Описанный здесь метод мКОЕ может быть существенным улучшением по сравнению с классическим методом КОЕ, поскольку он более быстр в исполнении и недорог с точки зрения используемых реагентов и требуемого лабораторного пространства. Этот метод позволяет одновременно сравнивать большой набор образцов в одном эксперименте, тем самым уменьшая влияние вариаций от анализа к анализу. Например, как показано в эксперименте, описанном на рисунке 5, КОЕ был определен для 1536 образцов методом мКОЕ в 16 квадратных чашках Петри, что представляет собой 96-кратное сокращение количества используемых планшетов. Это более актуально для экспериментов с использованием первичных биологических и клинических образцов, где доступность может быть проблемой. Компактная форма, в которой колонии отображаются на агаровой пластине, позволяет использовать специализированное или обычное оборудование для записи изображений. Это, в сочетании с автоматизированными методами подсчета колоний, подобными описанному здесь с использованием программного обеспечения Fiji, помогает снизить зависимость от способности пользователя идентифицировать и количественно оценить КОЕ. Тем не менее, как и стандартный метод КОЕ, этот метод страдает от неспособности различать объединенные колонии, что приводит к потенциальной недостаточной представленности КОЕ. Однако это можно свести к минимуму, выбрав более высокое разбавление для количественного определения или подсчитав колонии под микроскопом до того, как их чрезмерный рост приведет к слиянию колоний. Это более актуально, если в образце образуются колонии с неоднородными темпами роста. В этих случаях исследователи должны проверить реализацию mCFU для своих конкретных экспериментальных условий.

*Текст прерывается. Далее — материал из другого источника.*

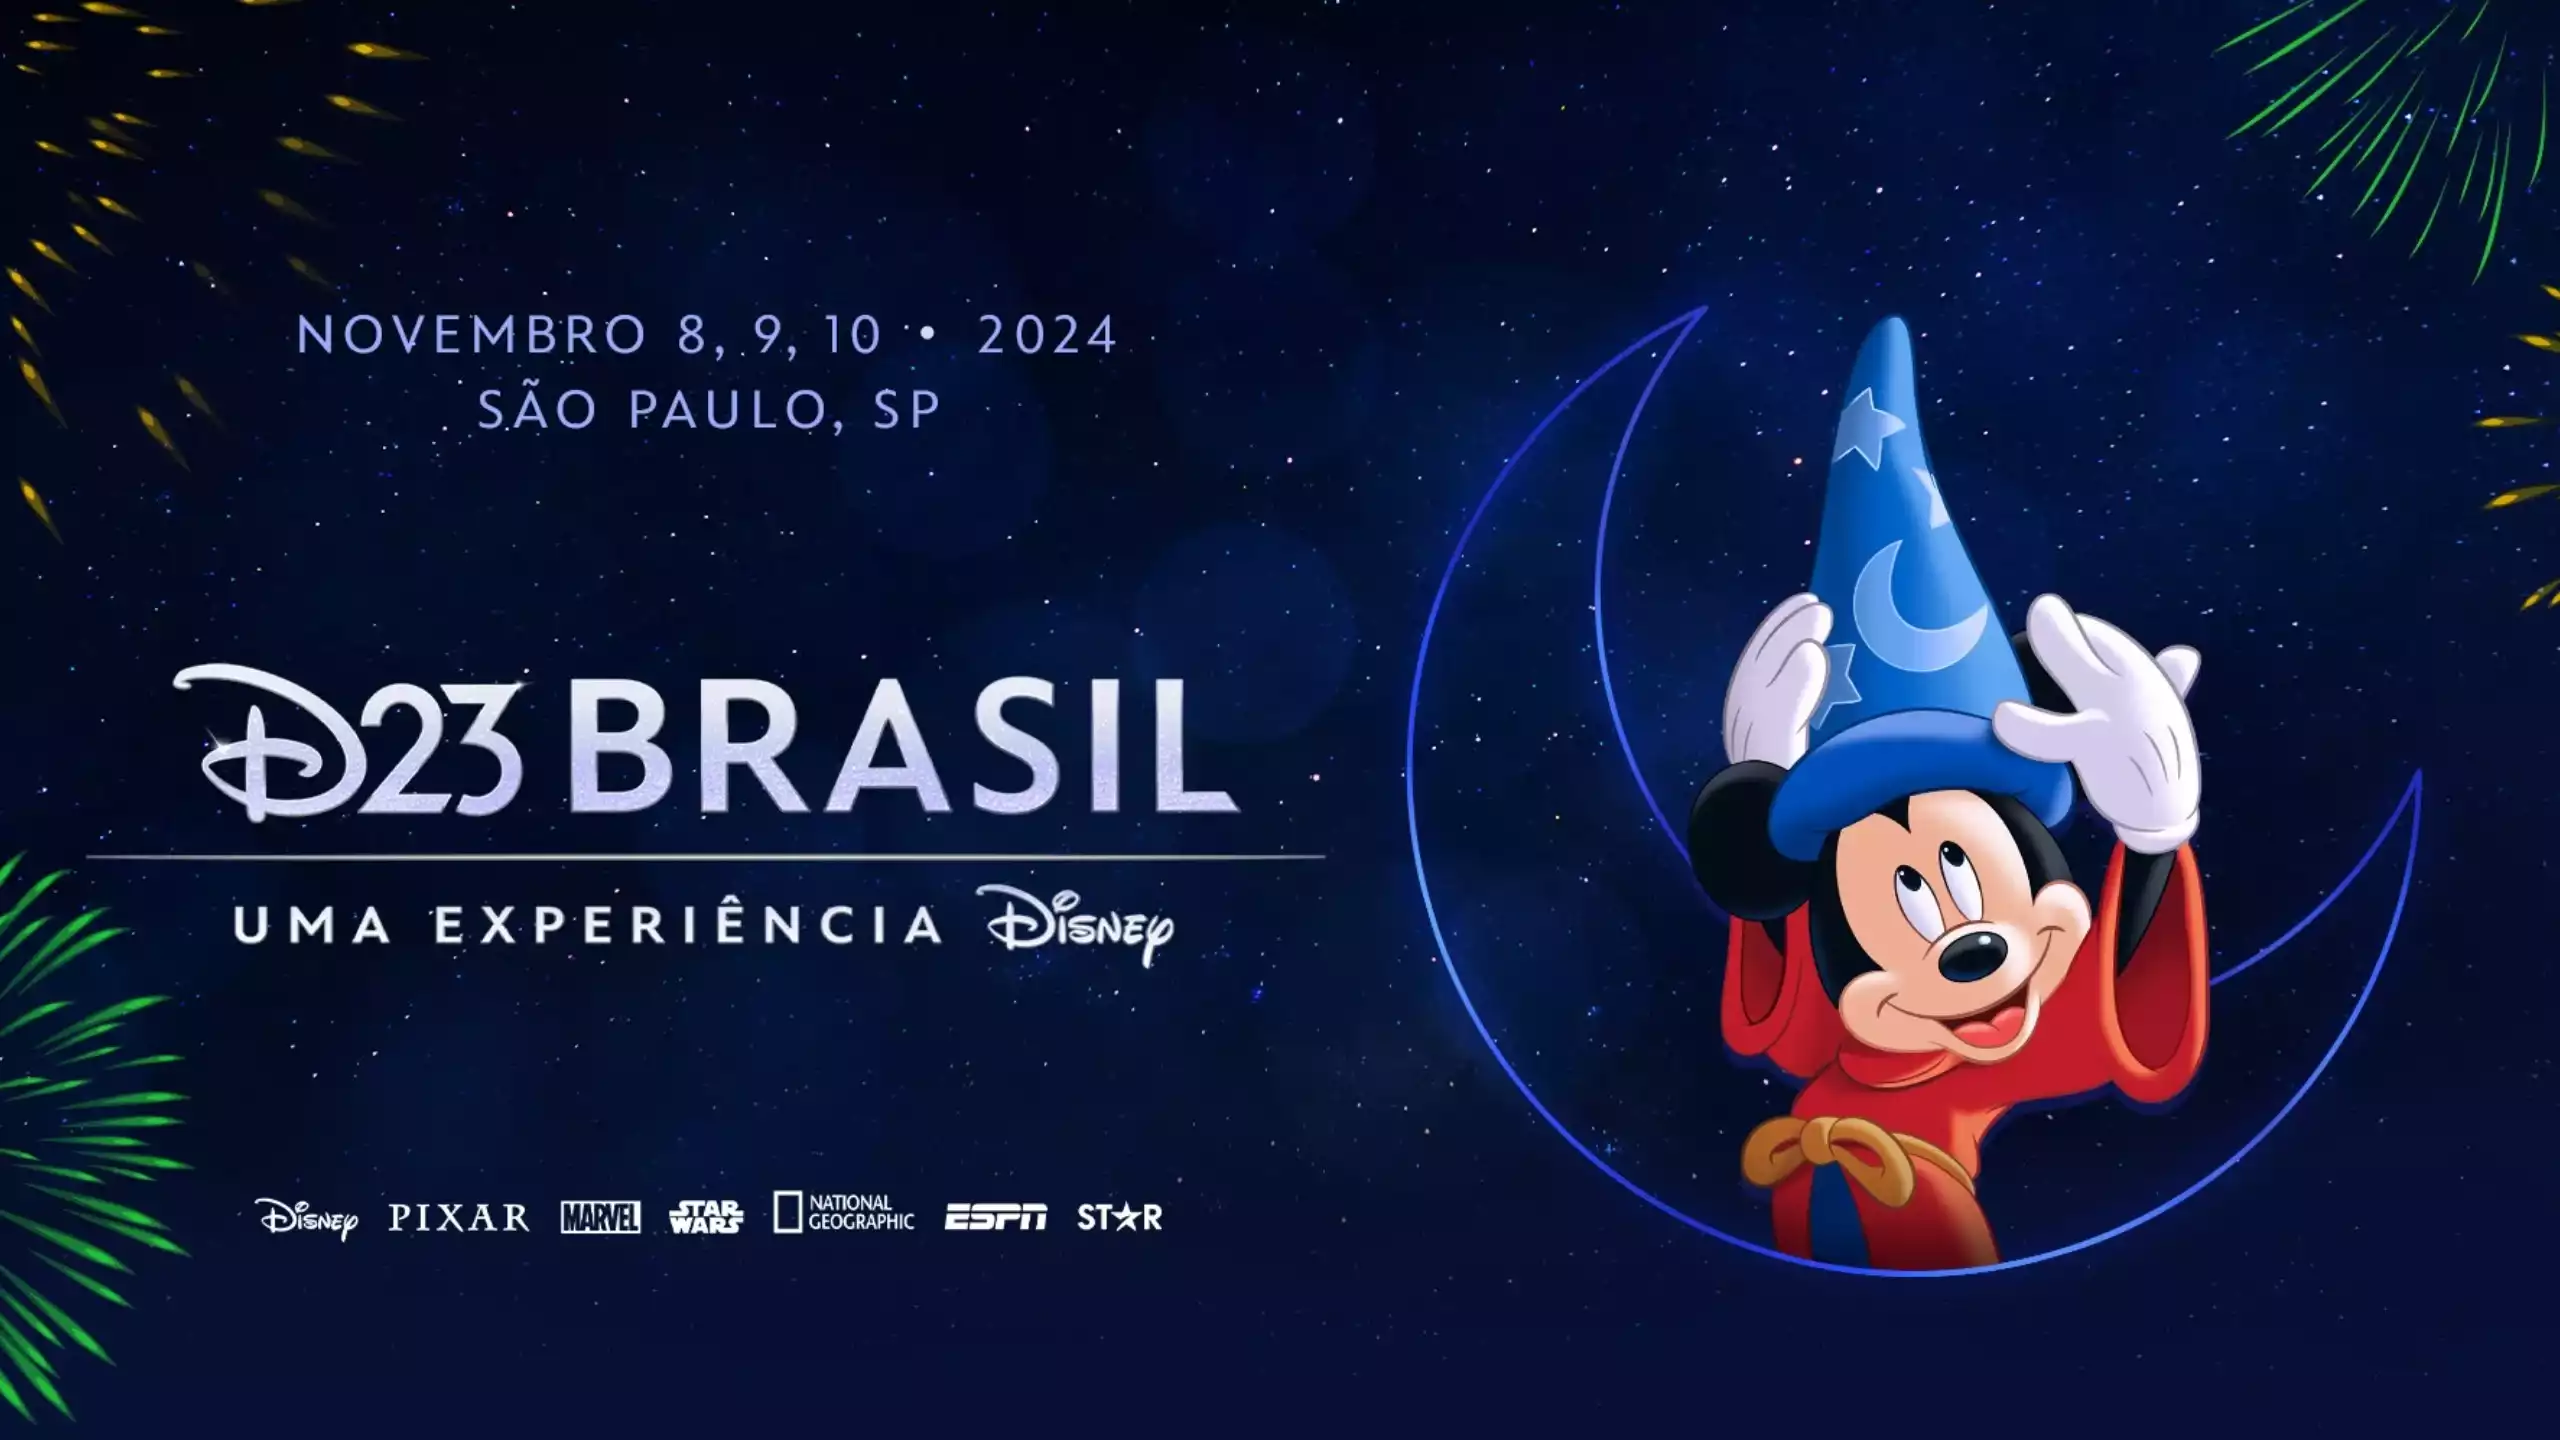 D23 Brasil, evento da Disney, tem local e data anunciados

Важнейшими этапами в рамках протокола являются следующие пункты: серийные разведения должны выполняться с использованием 96-луночного планшета, и разведения должны быть тщательно перемешаны; микрокапельное покрытие следует проводить многоканальной пипеткой 0,5-10 мкл для переноса 5 мкл из каждого ряда 96-луночного планшета на твердую квадратную пластину среды, не касаясь и не повреждая среду; Подсчет микроколоний необходимо проводить между 6-10 днями инкубации. Тем не менее, во время подсчета необходимо следить за тем, чтобы колонии не были чрезмерно большими или слишком маленькими.

Модификации и устранение неполадок метода включают в себя использование различных бактериальных штаммов. Поэтому для каждого штамма следует использовать оптимальную питательную среду. Ограничения метода идентичны ограничениям традиционного метода КОЕ, которые включают в себя сложность подсчета бактерий в низких разведениях. Кроме того, специфическими ограничениями этого метода является необходимость использования микроскопа для подсчета колоний.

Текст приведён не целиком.